* _Your instructions_: Every line of the listing must be reproduced as it stands. Leave the images behind.

* _Dataset content_:

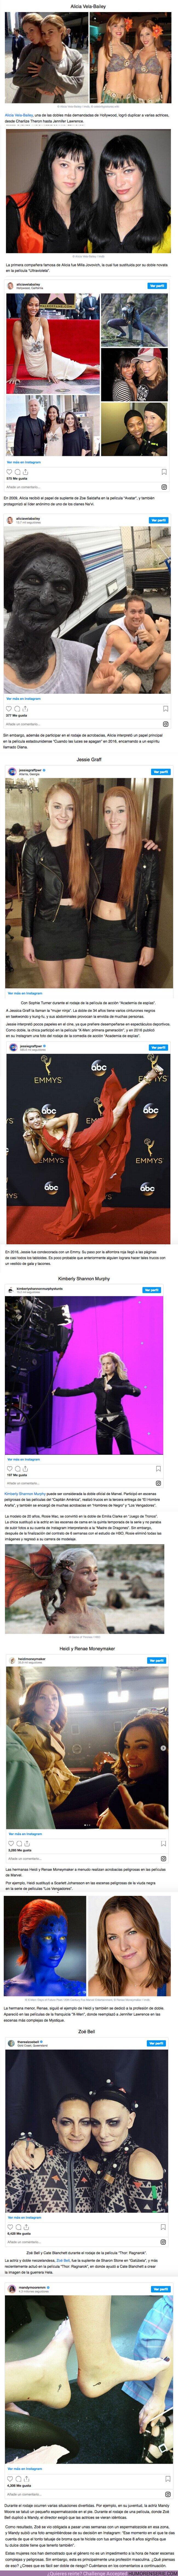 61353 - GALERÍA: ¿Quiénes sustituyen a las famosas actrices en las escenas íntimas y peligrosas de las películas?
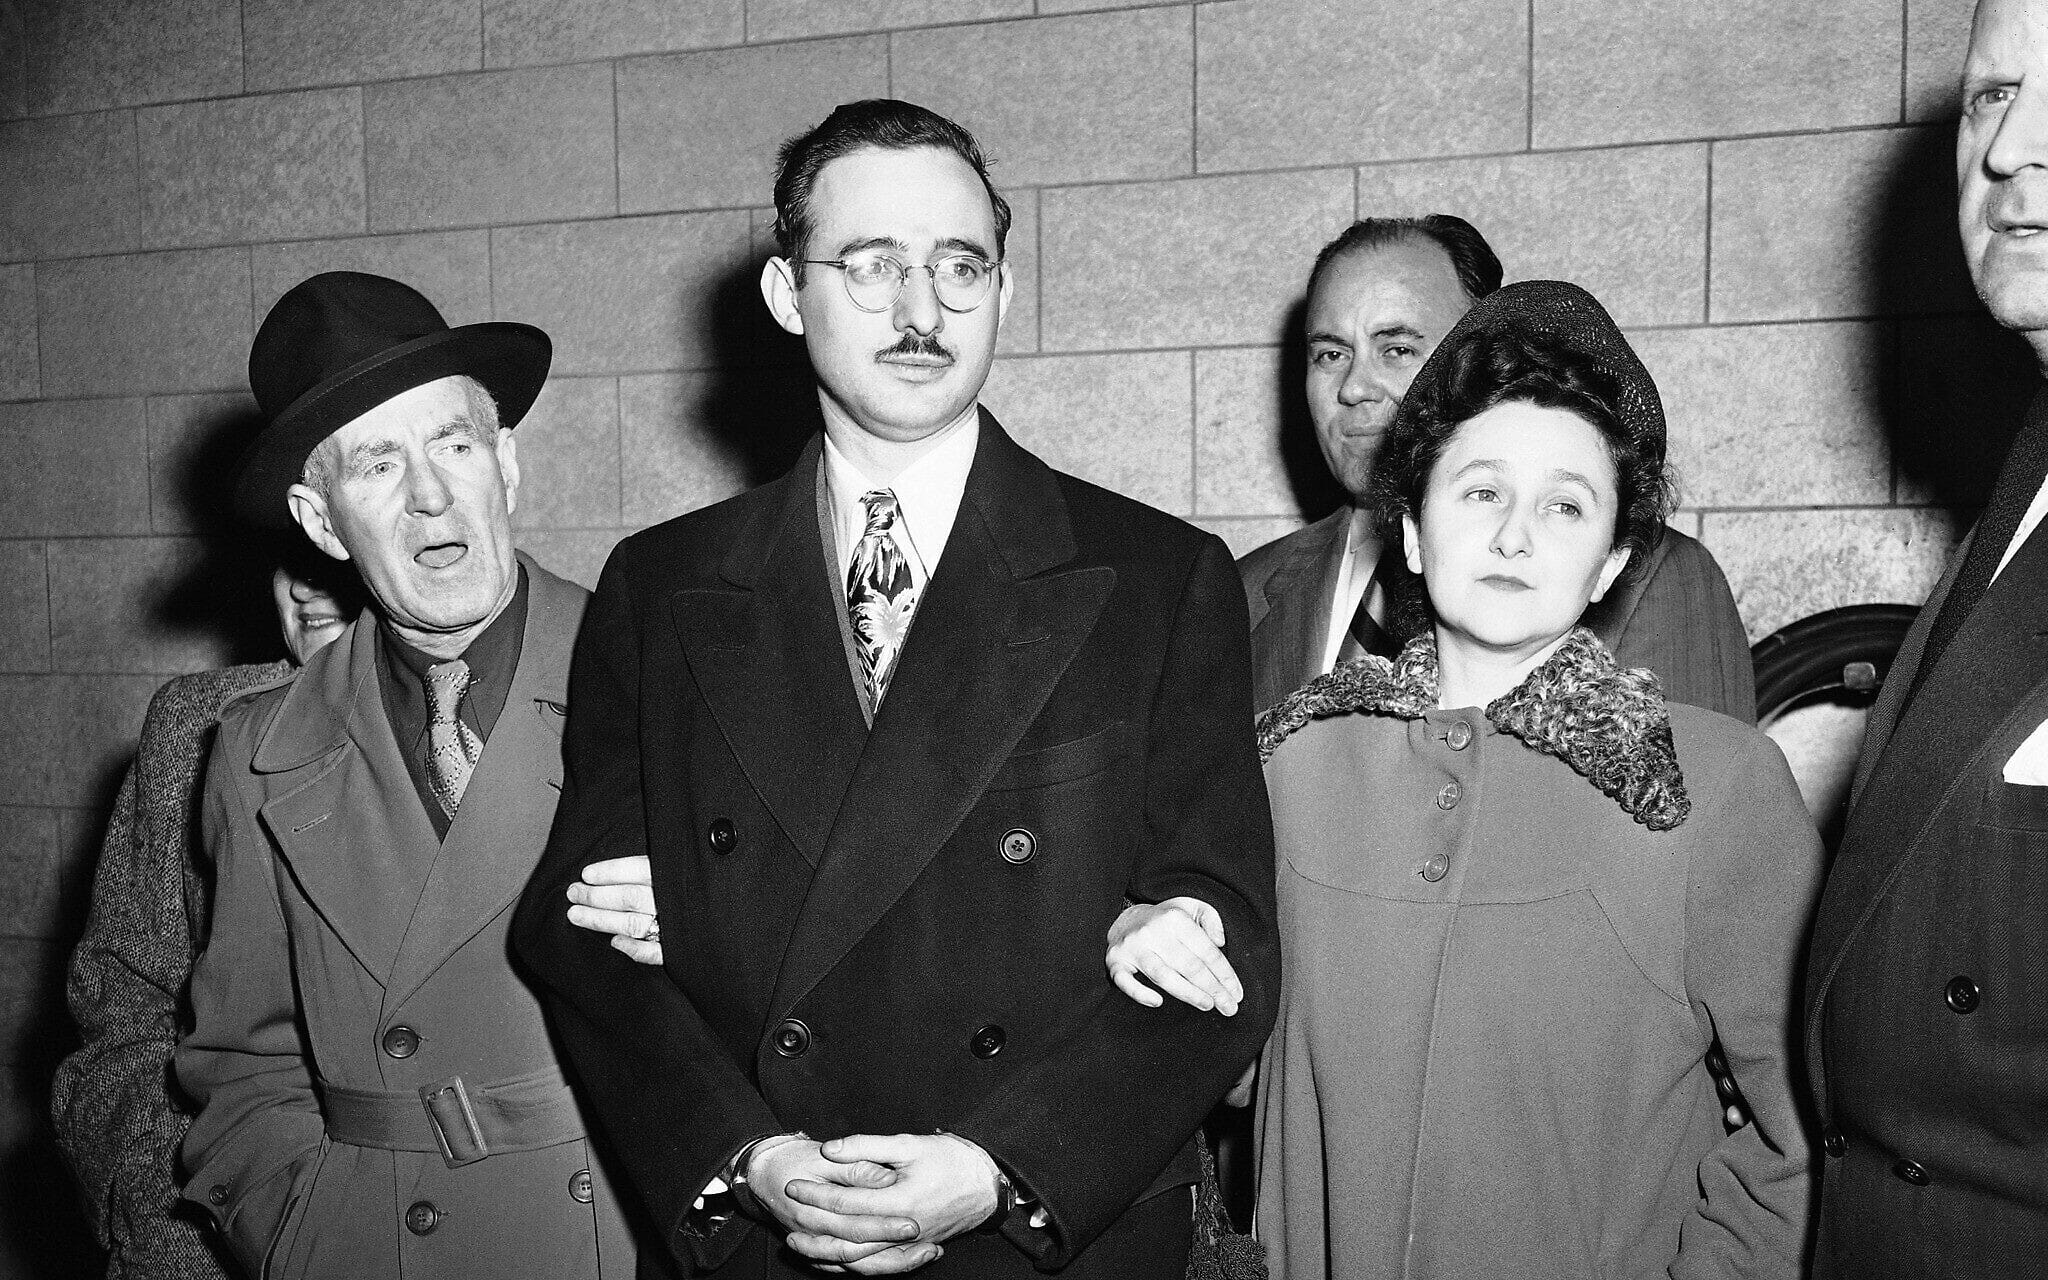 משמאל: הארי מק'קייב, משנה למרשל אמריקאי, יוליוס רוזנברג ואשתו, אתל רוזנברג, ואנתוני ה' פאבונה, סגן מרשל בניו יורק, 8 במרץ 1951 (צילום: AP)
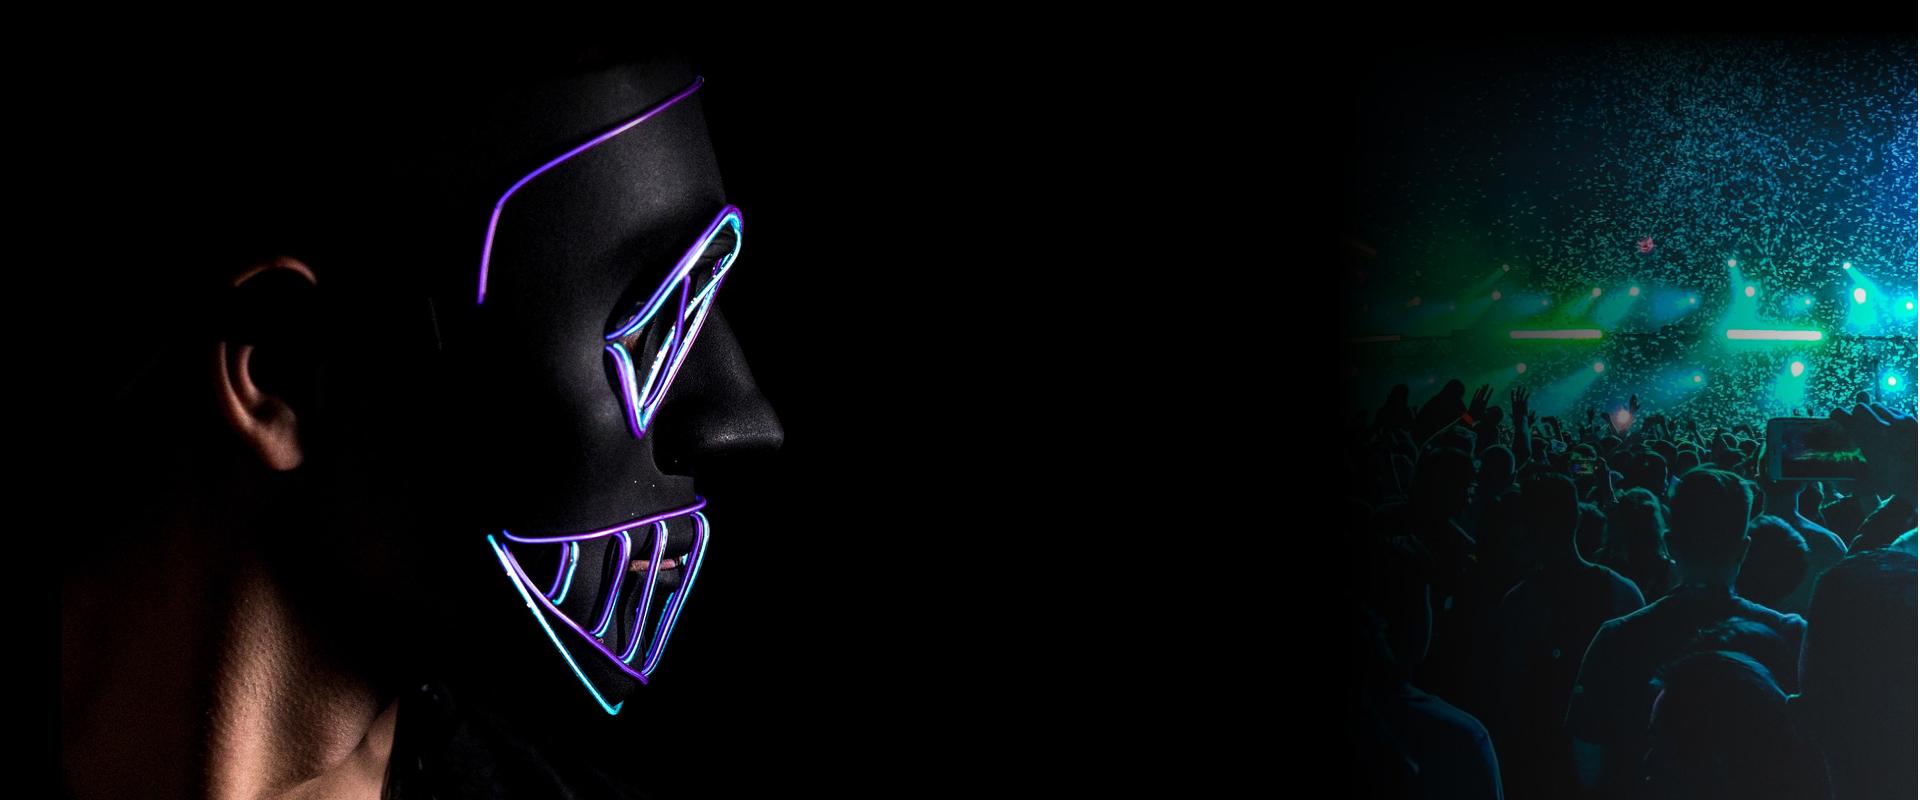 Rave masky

* _Solution to this problem_:
 61353 - GALERÍA: ¿Quiénes sustituyen a las famosas actrices en las escenas íntimas y peligrosas de las películas?
 משמאל: הארי מק'קייב, משנה למרשל אמריקאי, יוליוס רוזנברג ואשתו, אתל רוזנברג, ואנתוני ה' פאבונה, סגן מרשל בניו יורק, 8 במרץ 1951 (צילום: AP)
 Rave masky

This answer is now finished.